Высоко в небе прямо на них с князем опускался громадный воздушный корабль, исторгающий столбы яркого пламени.
Княжий племянник зажмурился и, обхватив голову руками, упал на землю.
Горынычеплан тем временем плавно завис над военным шатром и, слегка вздрогнув, медленно опустился в огороженный колышками посадочный круг. С грохотом брякнулся оземь деревянный трап.
— Вставай, увалень! — Всеволод слегка пнул лежавшего в снегу племянника расшитым золотом сапогом. — Не срамись хоть перед великим оружейным затейником.
Смекнув, что ужасная ладья и не думала их давить, Тихон быстро вскочил с земли и, отряхнув одежку, с интересом уставился на спускающегося по трапу седобородого старца, широкого, точно стоведерная бочка.

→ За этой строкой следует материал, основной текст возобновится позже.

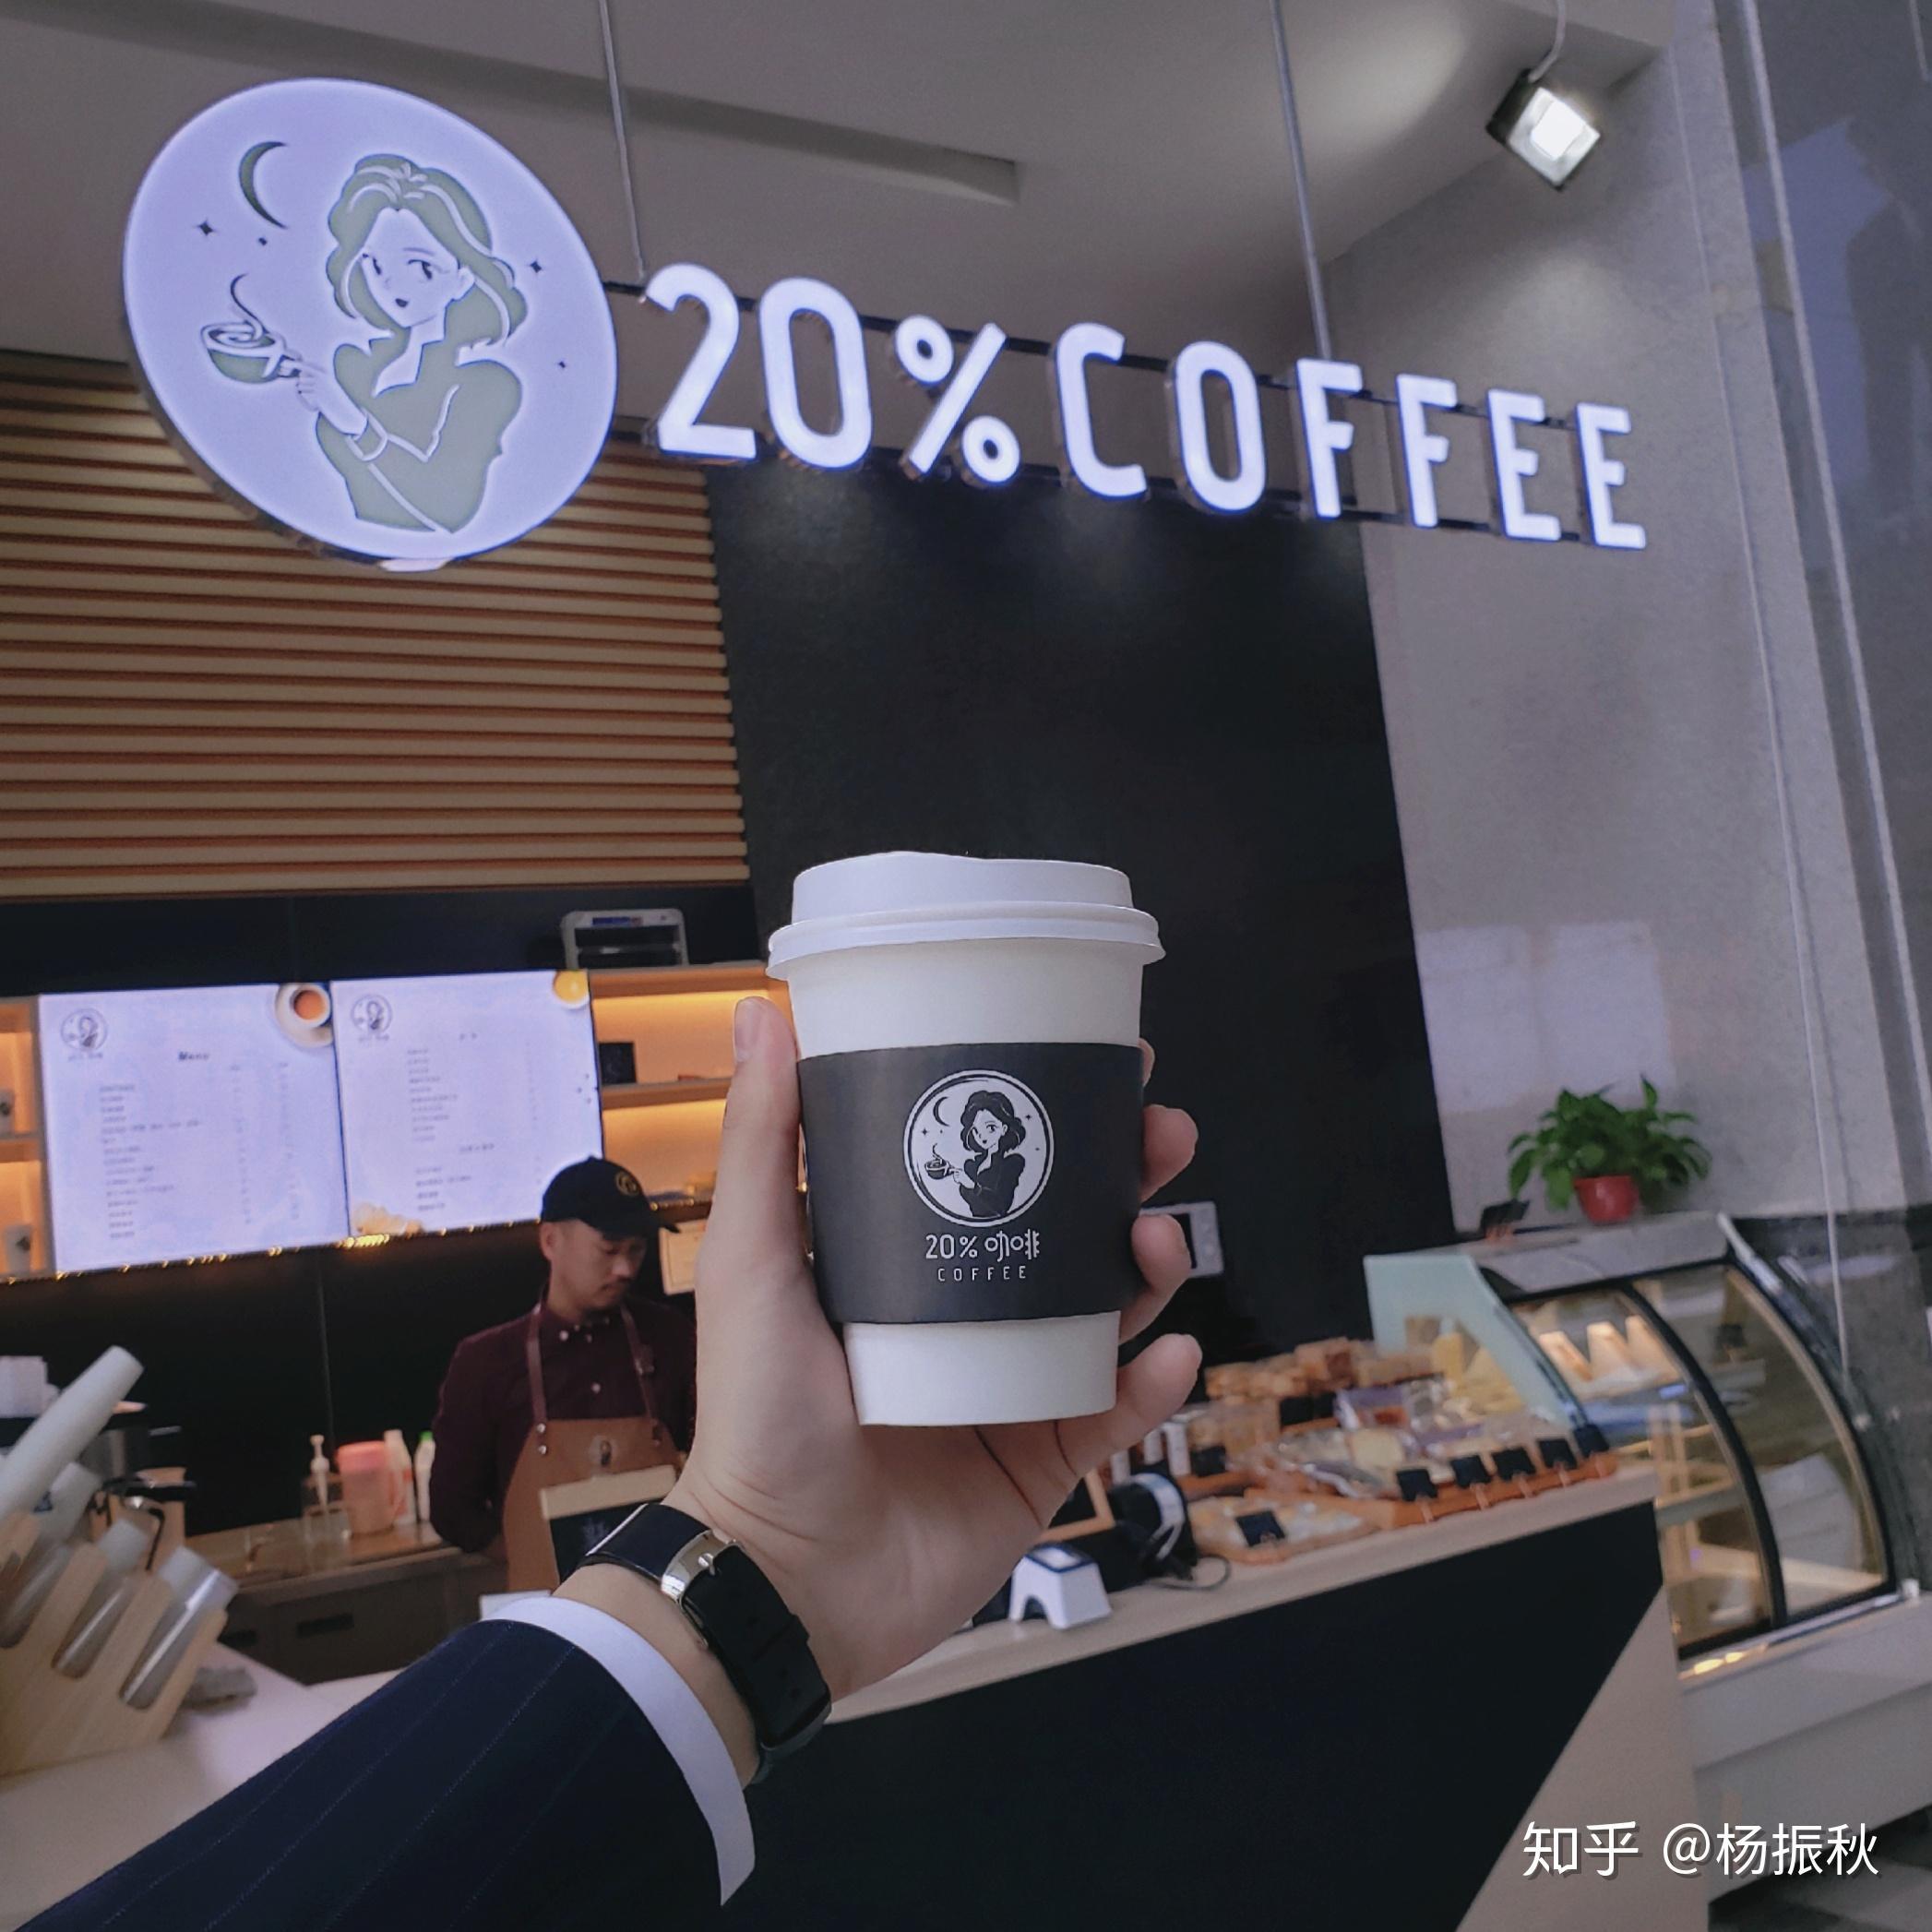 芜湖新华书店_合肥有哪些不错的咖啡馆? - 知乎

Кого-то этот старик ему до боли в ребрах напоминал.
— Приветствую тебя, Иван Тимофеевич, — кивнул седобородому князь. — Как слетал, все ли выяснил?
Подошедший Иван Тимофеевич с интересом покосился на отряхивающегося дружинника.
— А это племяш мой Тихон, — пояснил Ясно Солнышко, — шибко любит в разных местах от земли отжиматься.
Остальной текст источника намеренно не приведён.